I've seen lots of photos of beautiful phrags on this site, but I can't seem to find sources to buy them. I've been through all the vendors on the site, and they only have a few plants for sale.

Where do you get yours?


----------



## NYEric (Feb 21, 2011)

http://www.slippertalk.com/forum/showthread.php?t=1749&page=26
IN this country:
Orchids Limited
Fox Valley
Orchidbabies
Piping Rock Orchids
Woodstream Orchids
Windy Hill Gardens
Orchidview
Campone
Porters'
maybe Orchids Gone Wild 
also Ecuagenera, Rattecliffe, and JP Faust if you really try!


----------



## ohio-guy (Feb 21, 2011)

NYEric should know! Thats a great list. Are you looking for something in particular?
Plus joining a local society and finding plants on sale or for trade may help. And don't forget Chuck Acker.


----------



## koshki (Feb 22, 2011)

Wow, thanks Eric! I just spent a few hours going over all those lists. Way more temptation than my credit card allows! Oh, and I'm amazed at the length of your grow list. How ever do you fit them all in your apartment??

Ohio-guy, it was joining my local OS that started this whole mess! I picked up a few from the raffle table, and a couple more from a vendor/presenter. Then a couple on eBay and from a guy who was sellling his collection.

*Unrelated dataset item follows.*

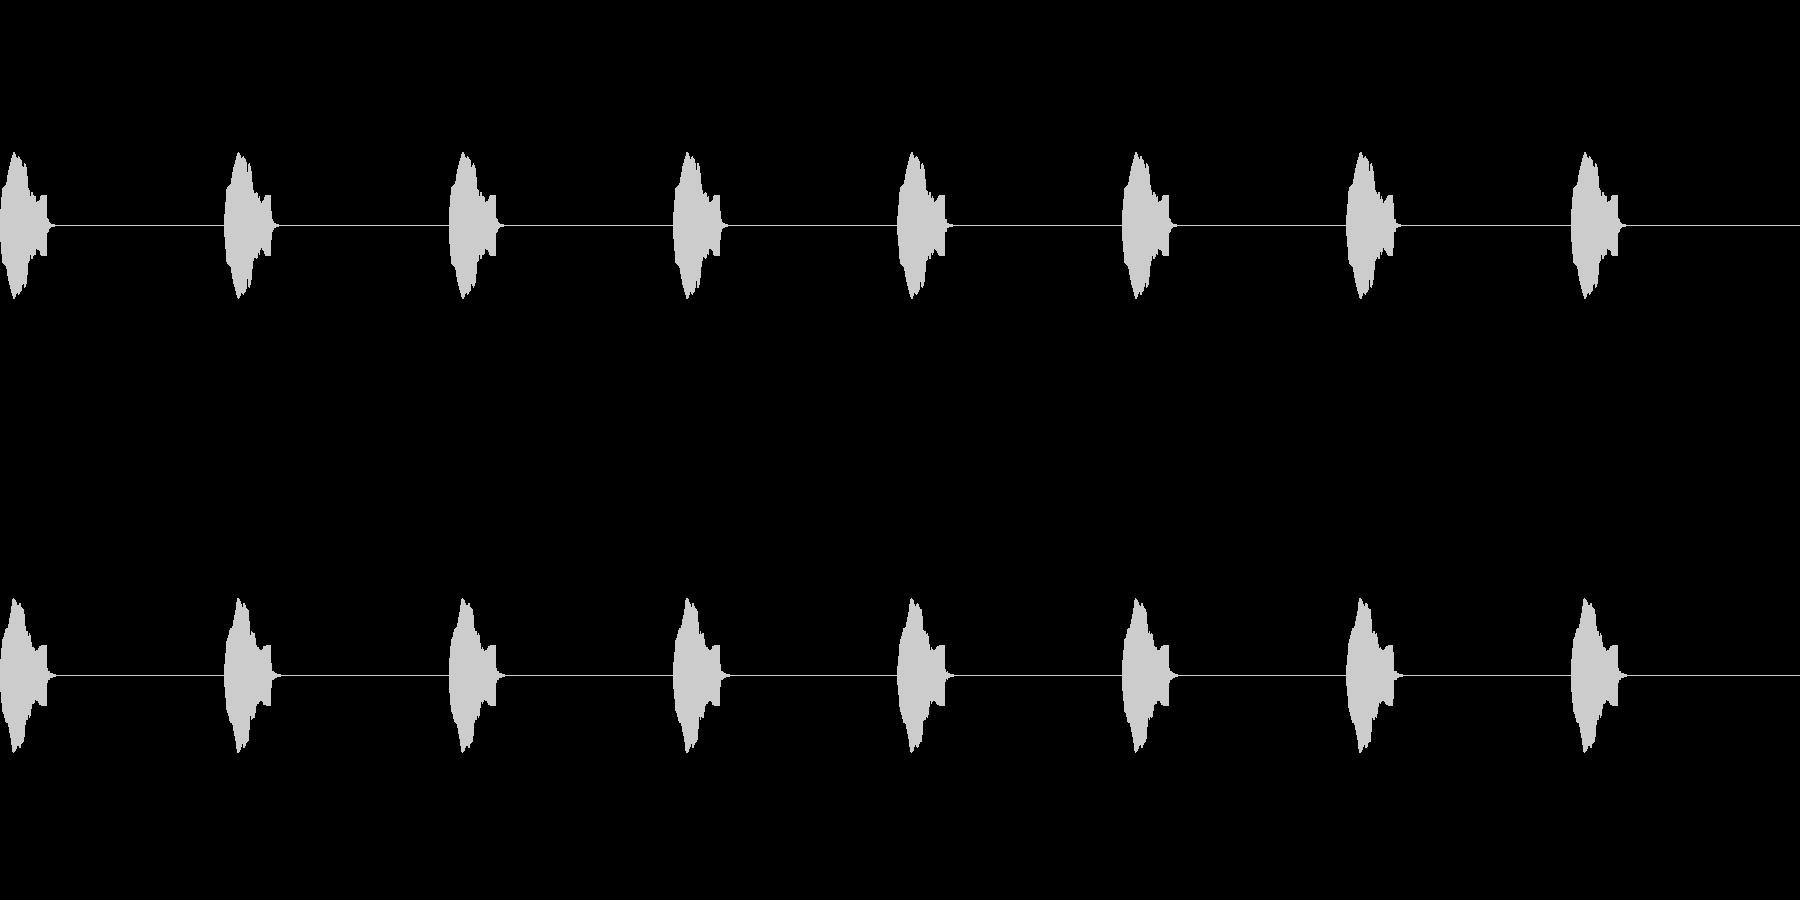 【誘導音 横断歩道01-3L】の未再生の波形

I'm trying to focus on small growers that will do well under my lights, plus I favor the pinks and roses, although I :drool:ed over a Jason Fischer at my last OS meeting. Saw a photo of an Elizabeth Castle on this site, but haven't found one on-line yet.

I will try contacting vendors who will be attending the MOS show in April to see if they'll bring me something special!


----------



## Hera (Feb 22, 2011)

koshki said:


> Wow, thanks Eric! I just spent a few hours going over all those lists. Way more temptation than my credit card allows! Oh, and I'm amazed at the length of your grow list. How ever do you fit them all in your apartment??
> 
> Ohio-guy, it was joining my local OS that started this whole mess! I picked up a few from the raffle table, and a couple more from a vendor/presenter. Then a couple on eBay and from a guy who was sellling his collection.
> 
> ...



And so it begins..................


That's how most of us started, one plant gets you 60 in a very short time, then you're planning the greenhouse. Welcome to the greatest addiction.


----------



## NYEric (Feb 22, 2011)

These people are sooooooo easy! :evil:


----------



## koshki (Feb 22, 2011)

Oh, I passed 60 a long time ago (months, lol!). I just started with phrags last September. I've got 12 plants, and three are blooming, which makes them the highest percentage in bloom of all my plants! Compared to my masdies (0 of 25), or my angrecoids (0 of 19)...well, let's just say I'm contemplating a change in my collection!

Greenhouse, hmmm.


----------



## koshki (Feb 22, 2011)

NYEric said:


> These people are sooooooo easy! :evil:



I'm not quite sure what you mean?


----------



## NYEric (Feb 22, 2011)

Er, oh nothing, you should order some more. Woodstream has some that bloom on particularly small plants; send them an email to see if they have any in near spike or bud. :evil:


----------



## tomkalina (Feb 22, 2011)

Hi Katherine,

Welcome to slippertalk! Just aheads-up that we'll be exhibiting and selling at the MOS Palm Sunday show in Madison Heights, MI, and we plan to bring along a number of small growing Phrag. species and hybrids. Please check out our website at www.foxvalleyorchids.com and stop by the sales table to introduce yourself. 

Thanks,


----------



## NYEric (Feb 22, 2011)

There you go!


----------